Pilotieren: Erste Projekte im überschaubaren Rahmen aufsetzen, um Erfahrungen mit Agentic Commerce zu sammeln.
Governance etablieren: Von Beginn an Mechanismen zur Nachvollziehbarkeit und Compliance einführen.
Vertrauen sichern: Transparente Kommunikation und hybride Entscheidungsmodelle in den Vordergrund stellen.

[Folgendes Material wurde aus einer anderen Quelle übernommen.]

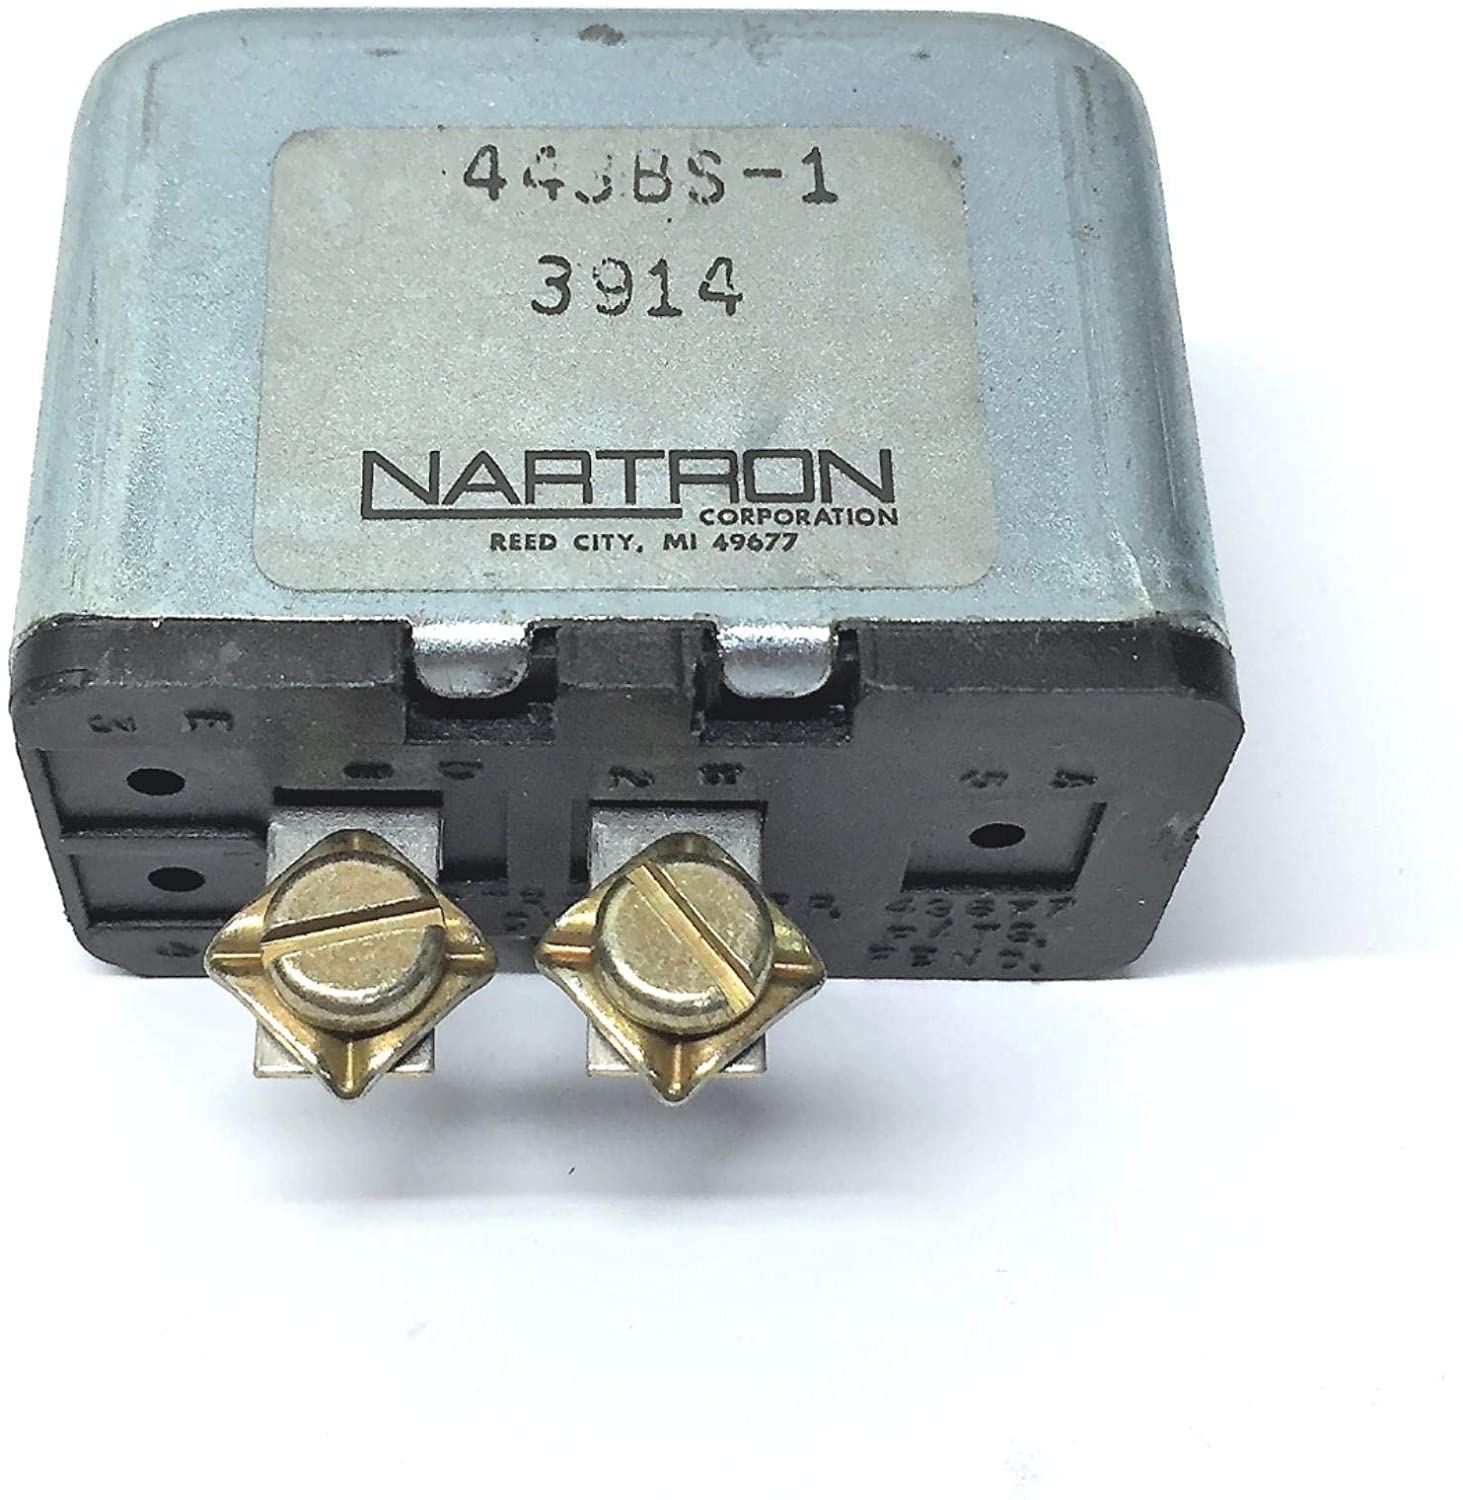 Nartron Flasher Relay 443BS-1 NOS
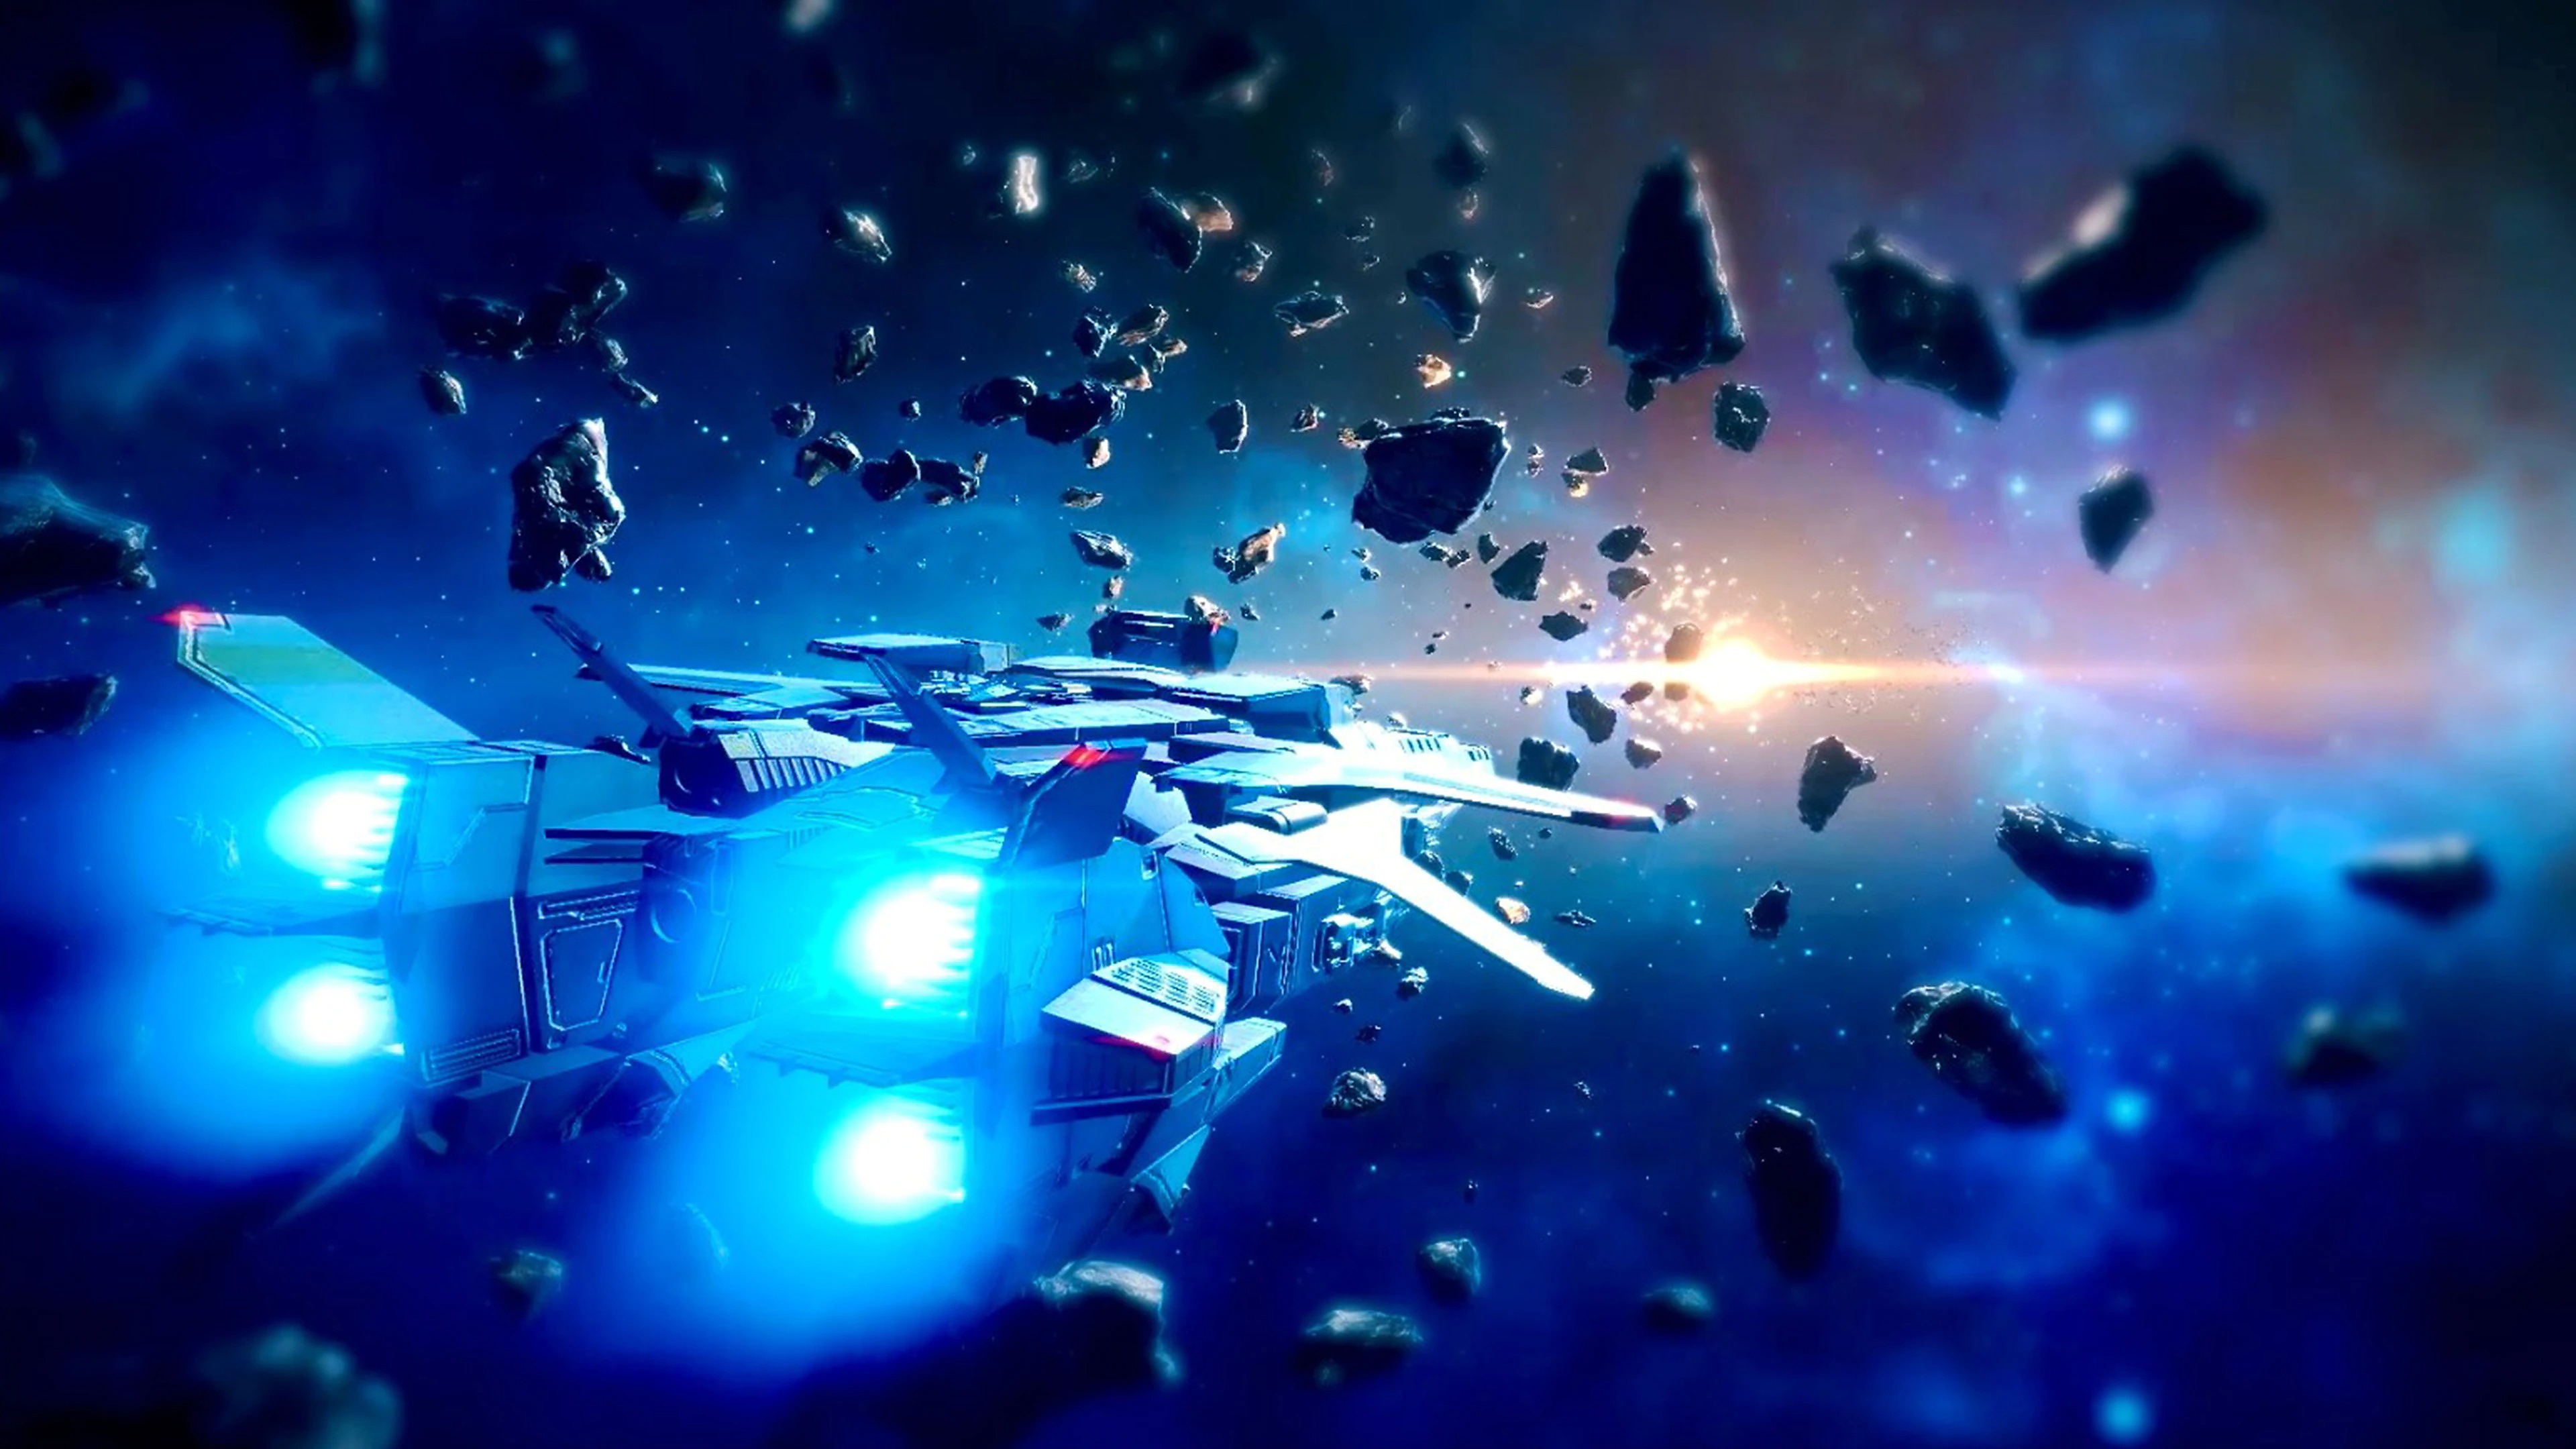 Relayer - Captura de tela exibindo uma nave espacial voando através de rochas no espaço

Fazit: Vom Geheimagent zum verlässlichen Partner
Die neuen Einkaufsagenten sind längst keine unsichtbaren Helfer mehr. Sie treten vermehrt und verstärkt aus dem Schatten, und sie verändern den B2B-Handel nachhaltig. Ihr Potenzial entfalten sie am besten, wenn Transparenz und Vertrauen sowie Governance fest verankert sind. Für Marketing- und Vertriebsentscheider bedeutet das: Es reicht nicht, Agenten einzukaufen und implementieren zu lassen. Sie müssen sie in eine neue Vertrauenskultur einbetten, und sie müssen sie in eine rechtssichere Struktur bringen. Nur so wird aus dem Agenten ein verlässlicher Partner – und aus einem Convenience-Tool ein strategisches Asset.